Masih tergiang-ngiang kalimat yang di ucapkan olehnya. Setelah lama tak bertemu kita  menjadi renggang selama 10 tahun. Kedua mataku memperhatikan pemandangan saat kereta berjalan cepat dan terburu-buru. Aku melihat orang-orang berkumpul pada sisi jalanan. Dan deretan perumahan berjejer rapi dari balik kaca jendela bergoyang tiada lembut. Berjalan cepat beriringan setiap roda kereta api melangkah.
Sudah 2 jam Stasiun Solo Balapan telah kulewati. Kerudungku berwarna abu-abu melambai selama perjalanan terjadi, bahkan daun pepohonan bergoyang terburu-buru dari balik jendela kereta terlihat. Haahh... Sunyi tak menemani jiwaku kini. Kalang kabut seperti roda kereta api membentur rel kereta. Bahkan kata-kata dari Tante Mira terus menghentak keras kepada diriku. Langit biru kini terlihat tampak mendung bahkan seperti kedua bola mataku. Sambil kugenggam erat kain batik ini. Untuk masa depanku. Dan pernikahan dengan Keenan tahun depan nanti.
Menyusuri lantai-lantai marmer putih,
Duduk ramai-ramai di bangku panjang,
Bercengkerama di tengah meja meriah,
Dan aku telah pulang.
"Kau tidak pulang. Rumah ini bukanlah tujuan kehadiranmu." Katamu tegas. Dengan sorot mata tajam menatapku. Terulang lagi suara dari bibir itu terucapkan. "Bahkan kamu sudah pulang dan tinggal bersama Ibumu. Yang telah bersusah payah melahirkan engkau namun belum dapat membesarkan dan mendidikmu." Kulirik foto kita bersama saat aku lulus dari SMA Batik. Bagai satu keluarga lengkap. Di foto tersebut Tante Mira bersama Paman Danu serta kedua anaknya. Aku, Kirana berada di tengah-tengah kalian. Sejak hari itu aku miliki keinginan memberanikan diri dan meninggalkanmu dan keluarga. Dua minggu setelah kelulusan dari SMA.
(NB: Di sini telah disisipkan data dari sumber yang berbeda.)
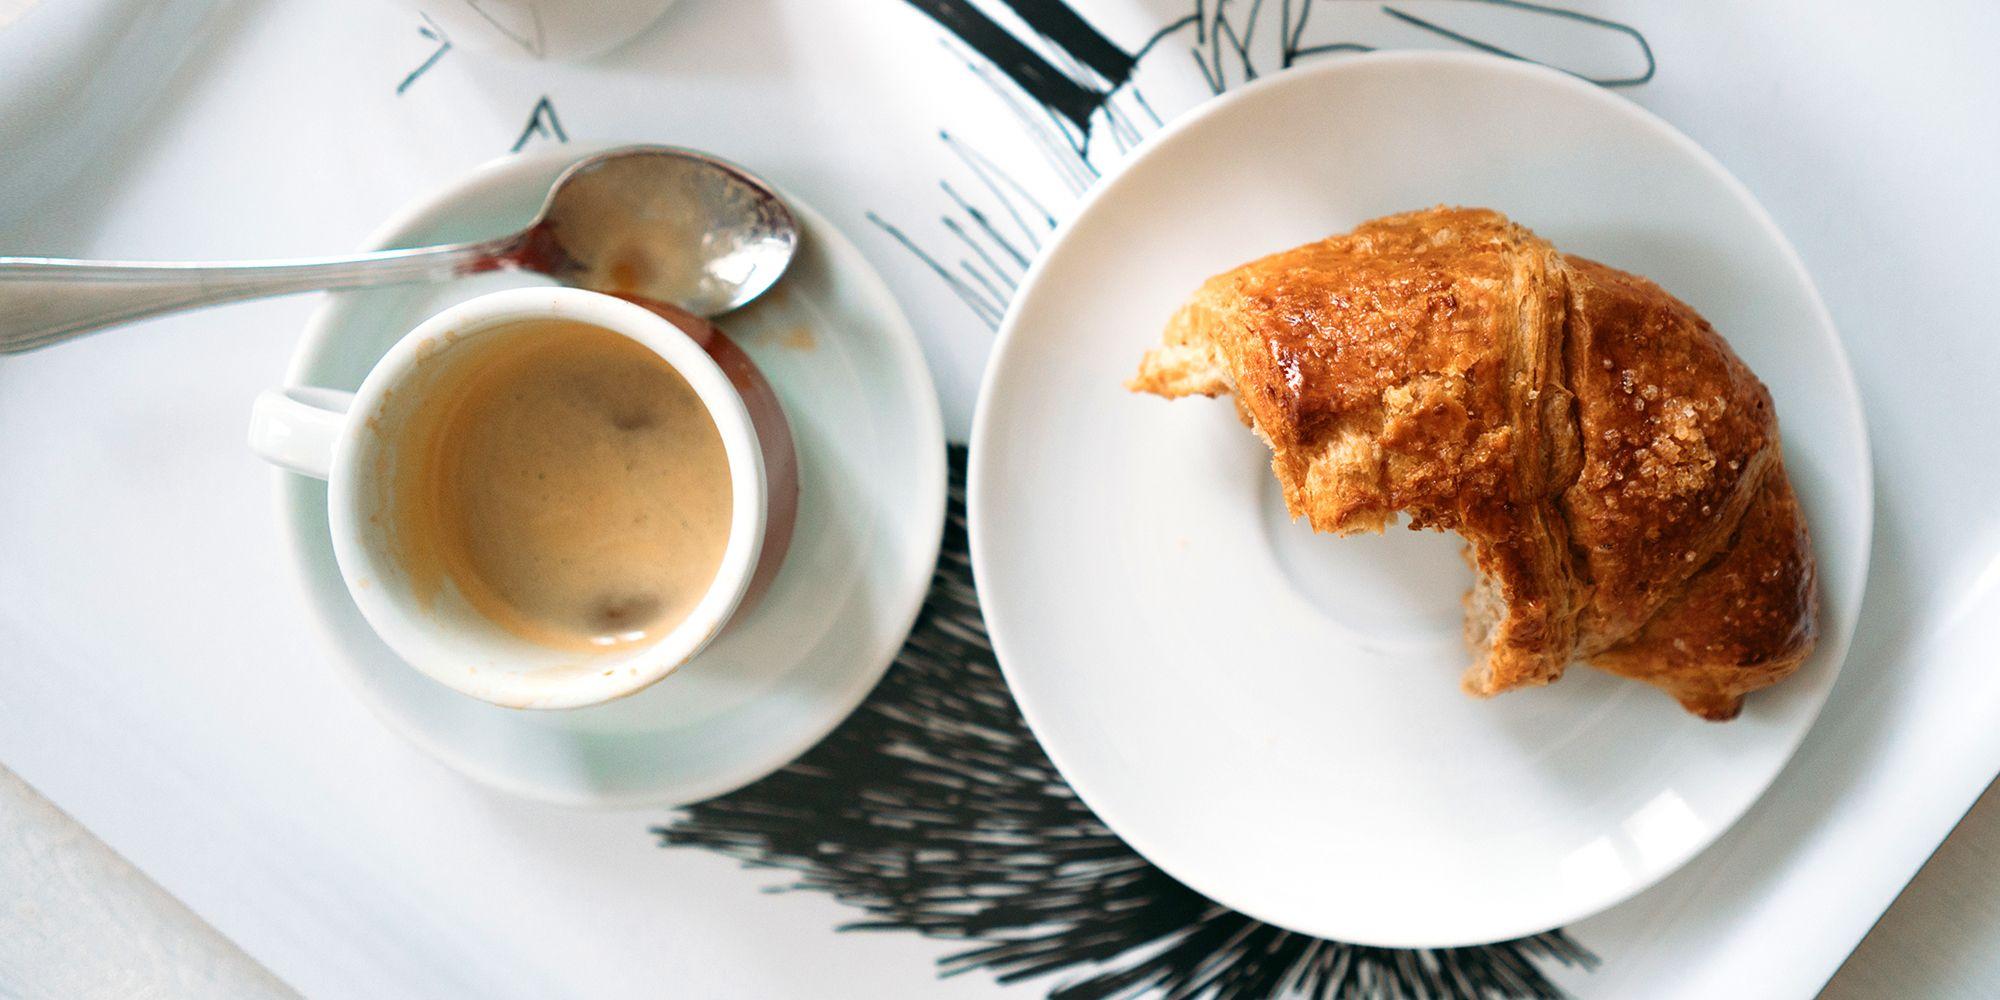 Get Your Caffeine Fix With These 9 Best Espresso Brands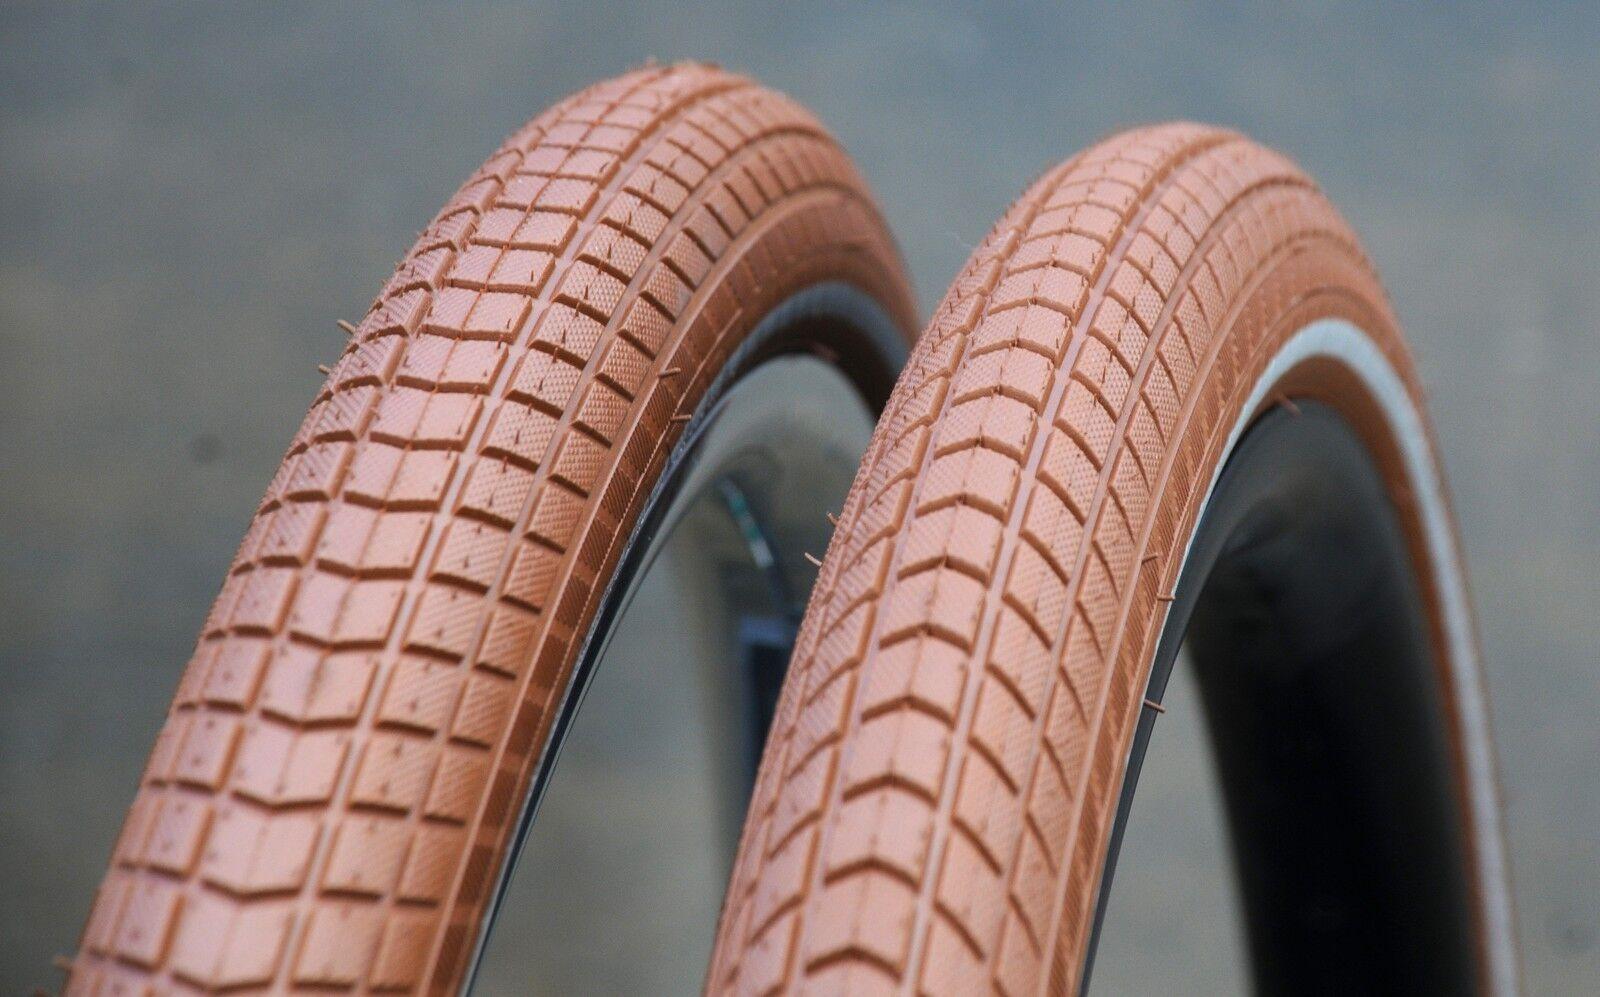 700x38 Antique Red   Brown 29er Schwalbe  LBB Bicycle Tires 28  Wood Wheel Bike  hot

Inginku tinggal bersama Ibu dan mencari nafkah di sana. Segala pekerjaan kujalani menjadi gadis penjaga Stand di pameran hingga bekerja paruh waktu di toko kosmetik. Namun setelah aku mendengar kabar anak Tante Mira meninggal karena kecelakaan mobil. Aku berkata menyesal telah lama tidak pulang. Bahkan kedatanganku sudah sangat terlambat.
"Sedari kecil kau tinggal bersama kami dan kehadiranmu hanya sementara di sini. Tinggalmu di Jakarta, Kota kelahiran dan masa kecil yang engkau kenang. Dan di sana kau sudah pulang dan tinggal bersama kedua orangtuamu." Tante membuka sebuah lemari dan ada sebuah kotak panjang berselimut kertas kado warna hijau. Lalu kubuka kotak tersebut ada kain batik tersimpan rapi. Aku teringat kembali. Saat engkau duduk di tengah halaman dengan kursi pendek temani Tante. Kedua tanganmu lincah menari pada sehelai kain putih lebar dan panjang. Kau membuat motif batik perlahan demi perlahan dengan canting dan lelehan lilin malam menempel pada kain itu.
 Kain daster membalut tubuh dan terbiasa kacamata berdiri tegak di wajahmu. Kedua mata terpaku pada sehelai kain putih dan bagaikan seorang pelukis menggambar keindahan alam di atas kanvas. "Pada akhirnya kuberikan juga kain tersebut kepadamu. Semoga pernikahanmu lancar nantinya, Kirana. Sesungguhnya Ibumu sudah memberitahu tentang kabarmu sebelumnya.
Namun Tante Mira telah lama membeli kain tersebut saat pernikahan Kejora, sepupumu." Kedua bola matamu sayu. Tentang aku atau tentang Silvia? Wajah sendu Tante kini terlihat dengan jelas. Tak kulihat Paman Danu di sebelahmu kini. Bahkan sering kudengar kabar tidak baik tentangnya dari bisik-bisik tetangga. Tidak temani saat kau tengah berduka oleh kelam dunia. Bahkan mengambil paksa anakmu yang kedua. Semua terjadi dengan begitu cepat.